Он не поедет, не сможет поехать, костюма нет. В данный момент он в пижаме, в очках, с дневной щетиной, в свитере-поло, в спортивной куртке, в очень старых мокасинах. В платяном шкафу пара фланелевых брюк, жилет муарового шелка. Этого, думал он, обживаясь после демобилизации, вполне достаточно для поэта; жилет муарового шелка представлял собой даже, пожалуй, излишнюю роскошь, некий экстравагантный каприз биржевого брокера. Он его приобрел по ошибке, застигнутый молотком аукциониста на ставке в пять шиллингов.

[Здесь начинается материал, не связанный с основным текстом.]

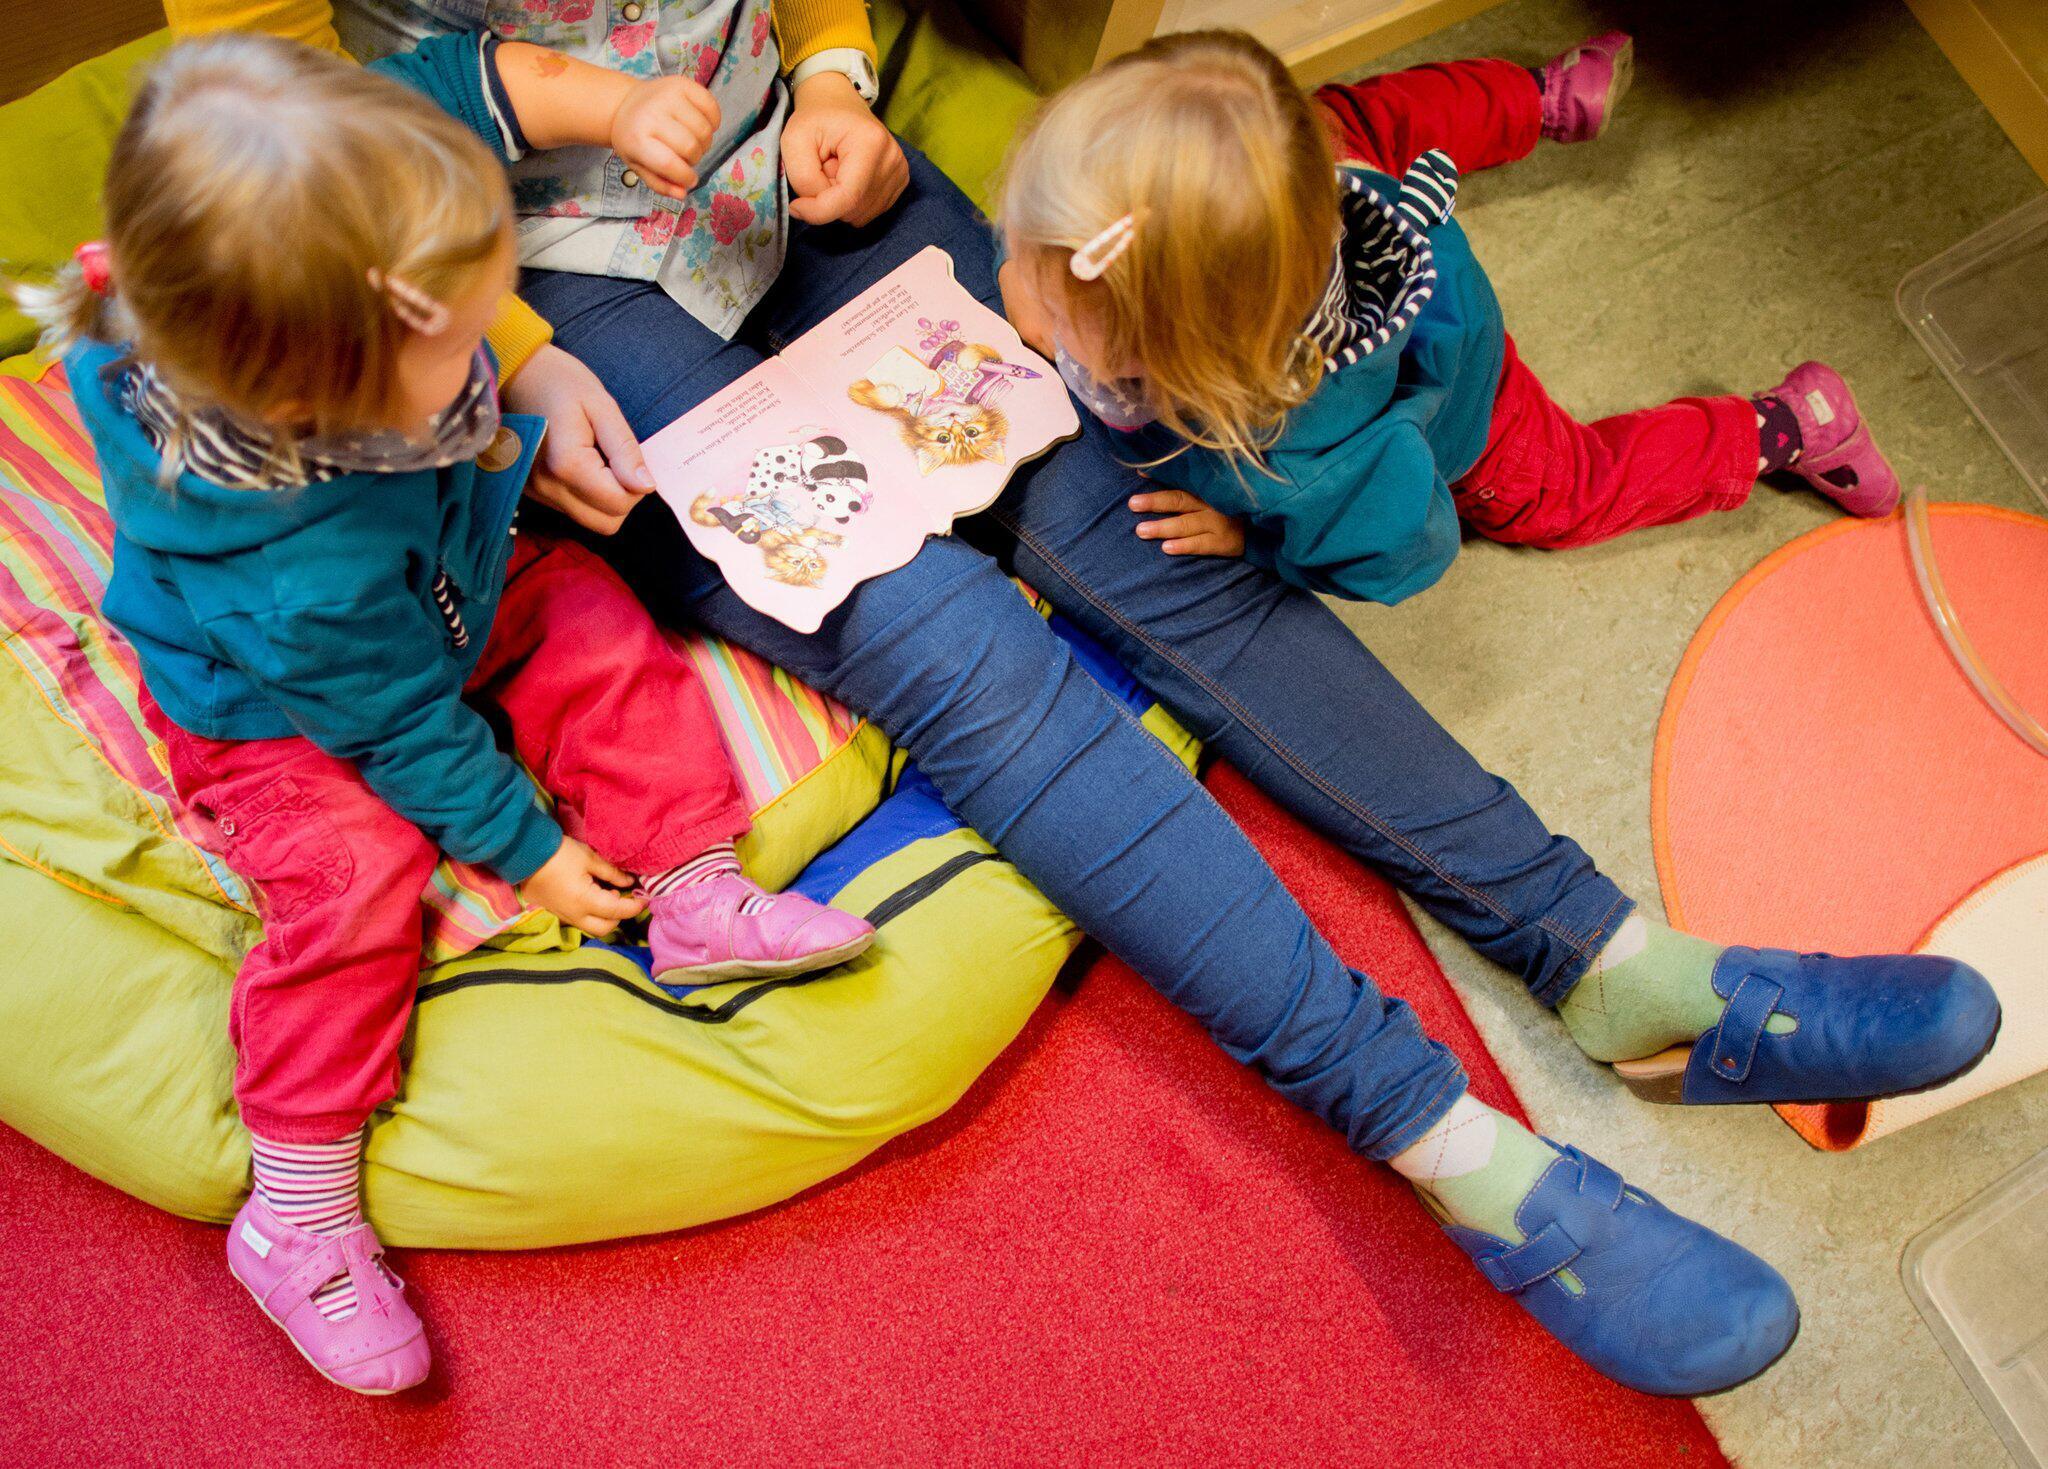 Kita Familien Durch Beiträge Ungleich Belastet Webde

Лондон. Город, наводненный жуткими образами; одни пришли из личного опыта, а другие из книг. В конце войны, отыскивая на кладбище в Сохо могилу Уильяма Хэзлита [11] , он подвергся насилию со стороны констебля и очутился на Боу-стрит [12] под обвинением в сознательном бродяжничестве. Поскользнулся однажды на грязном тротуаре у «Фойлза» [13] , и мужчина, который помог ему встать, — пожилой, плотный, с седыми жесткими волосами, — выпросил у него пять шиллингов: маленько поправиться, хозяин, мы эту неделю бастуем. Как раз перед этим был куплен жилет муарового шелка: десять шиллингов выброшены на помойку. В писсуаре очень убогого паба Эндерби, не веря своим ушам, получил приглашение на вечеринку с феллацией от симпатичного незнакомца в красивом городском костюме. Мужчина обнаглел после вежливого отказа, пригрозил закричать, объявить, будто Эндерби на него напал. Очень неприятно. Наряду с прочими воспоминаниями, от которых он морщился (включая мучительное про бумажку в десять шиллингов в «Кафе-Рояль»), выскакивали привидения из «Оливера Твиста», «Бесплодной земли», «1984» [14] . Лондон чрезмерно большой, беспричинно враждебный, место пустой траты денег, заразных болезней. Эндерби содрогнулся, думая о «Дневнике чумного года» Дефо. И вновь оказался, — выложив остывшую тарелку обратно в кастрюлю, — со своей мачехой. В пятнадцатилетием возрасте он купил в двухпенсовом ларьке на рынке изданную в 1605 году книжечку дуодецимо [15] с рецептами, сплетнями, поучениями. Мачеха, зная цифры, завопила, увидев ее, гордо принесенную домой. 1605 — «былые времена», которые означают Генриха VIII, топор палача, Великую чуму. Она сунула книжку в языки огня в печке на кухне, визжа, что та наверняка кишит смертельными червями. Ограниченное, хоть и живое чувство истории.
11
Хэзлит Уильям (1778–1830) — английский поэт, критик, автор известнейших иронических эпиграмм.
12
На Боу-стрит в Лондоне находится главный уголовный полицейский суд.
13
«Фойлз» — крупнейший лондонский книжный магазин.
14
«Бесплодная земля» — поэма Томаса Элиота (1888–1965); «1984» — роман Джорджа Оруэлла (1903–1950).
15
Дуодецимо — формат в двенадцатую долю листа.